Bike fit 2:Get your saddle flat after ensuring that the height is right
It’s about the back… When cycling you are often bent over or in a twisted position looking over your shoulder or drinking. This is one cause of lower back pain.
The other three main culprits are: riding big gears too often, lack of abdominal/ lower back strength and poor flexibility. Use of smaller gears on certain days of the week (eg spinning Sunday) helps to reduce strain. You can also take the time to build some off-the-bike strength with sit up exercises and lower back strengthening, maybe even a few months each winter in the gym.
Best of all take time to stretch. Data from the US Military shows holding hamstring stretches three times a day, for 30 seconds five times reduces injuries dramatically. A light stretching routine (see below) is easy to do at the end of your ride once you get home and need to cool down.
Bike fit 3: take care of your back and abdominals as these are the central column of your cycling physiology – stretch lightly after rides.
The knee is a complicated structure consisting of ligaments, bones and tendons lying smack bang between your cycling muscles. It bends, twists and strains as your pedals revolve in a very unnatural circle. Suffice to say there’s a fair share of fitness riders with niggling knees, often as a result of a sporadic riding regime. This can be compounded by the use of toe clips or clipless pedals that may have too much or too little play, or float, in them.

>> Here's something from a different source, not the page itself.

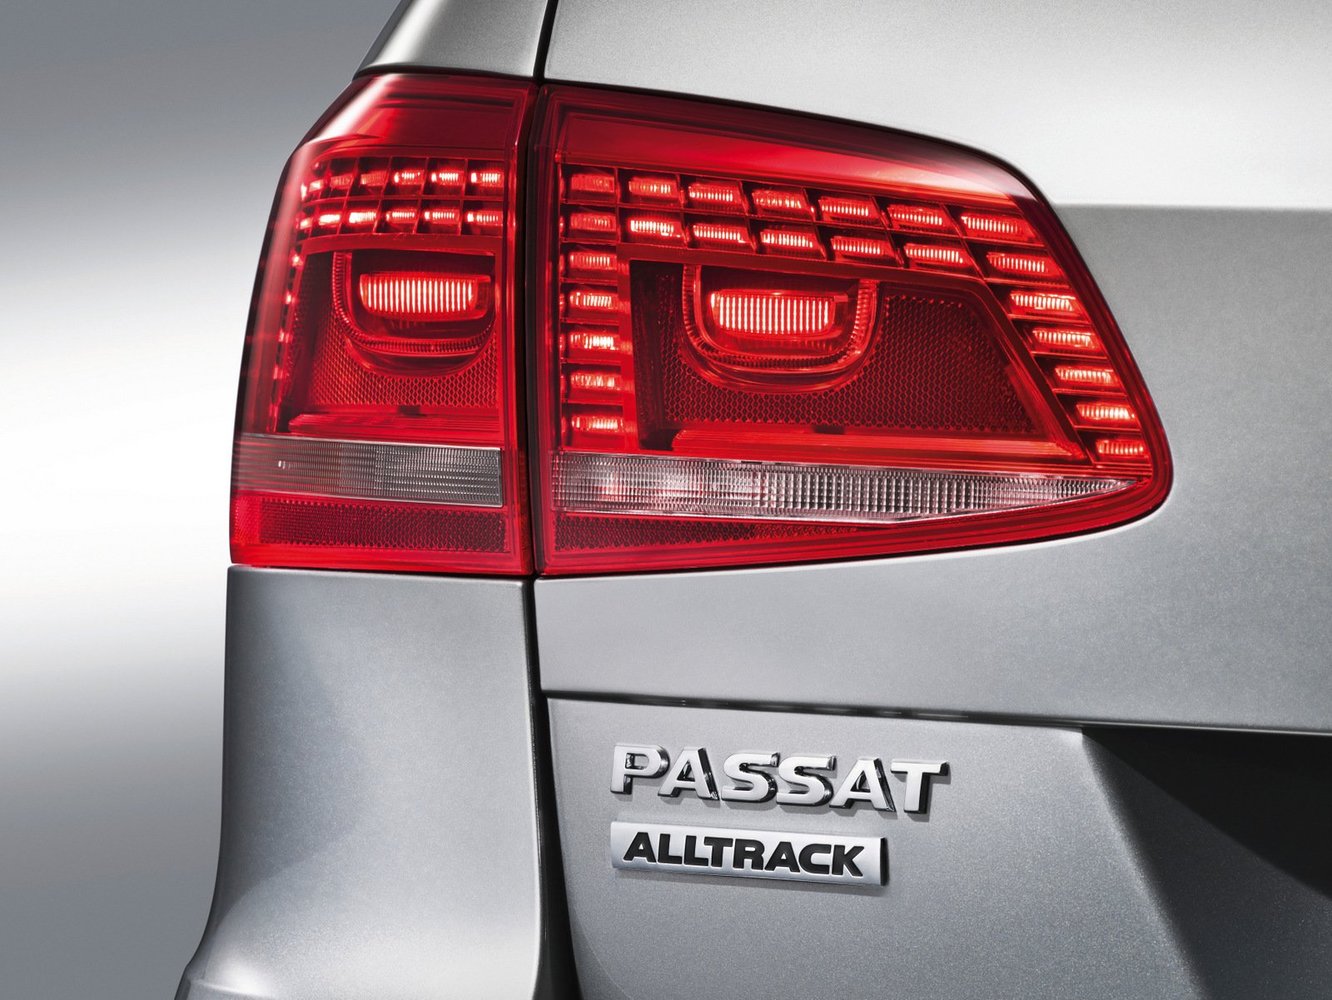 универсал Alltrack Volkswagen Passat 2011 - 2015г выпуска модификация 1.8 MT (160 л.с.) 4×4

Horses for courses: some riders need play in the ankle, others need none. An early trip to a sports injury clinic is a safer and wiser option if there is serious pain or a history of knee injury or surgery.
If you press down on the pedals pointing your toes most of the time this will put a lot of strain on the lower leg (calf ) muscle and the knee. Add too high a saddle and you’re heading for big trouble. Sometimes sitting too far forward or too high causes this over extension. It may just be that you have tight calfs – if so again stretch them by lifting your toes upwards and holding for a count of 30. Repeat this five times and have a masseuse give them the once over.
Bike fit 4: be aware of knee complaints, calf tightness and anything from the waist down that is a serious pain – at least look at the bike set up; if it continues get professional help.
Don’t suffer, solve it!
The complaints above are just the main ones that riders can be plagued by. The prescription is not always obvious. However, choose from these: R.I.C.E (Rest, Ice Compression, Elevation), Massage, Bike Set Up, Bike Equipment and Stretching or Body Work (physio, chiropractor, chiropodist, podiatrist).
What you must do is ensure a regular complaint does not become something you accept as part of your cycling. You should not have to endure pain or ‘after shocks’ when you ride. As a rider you probably have enough problems getting on the bike regularly without injury or pain stopping you. Don’t suffer. Sort it out.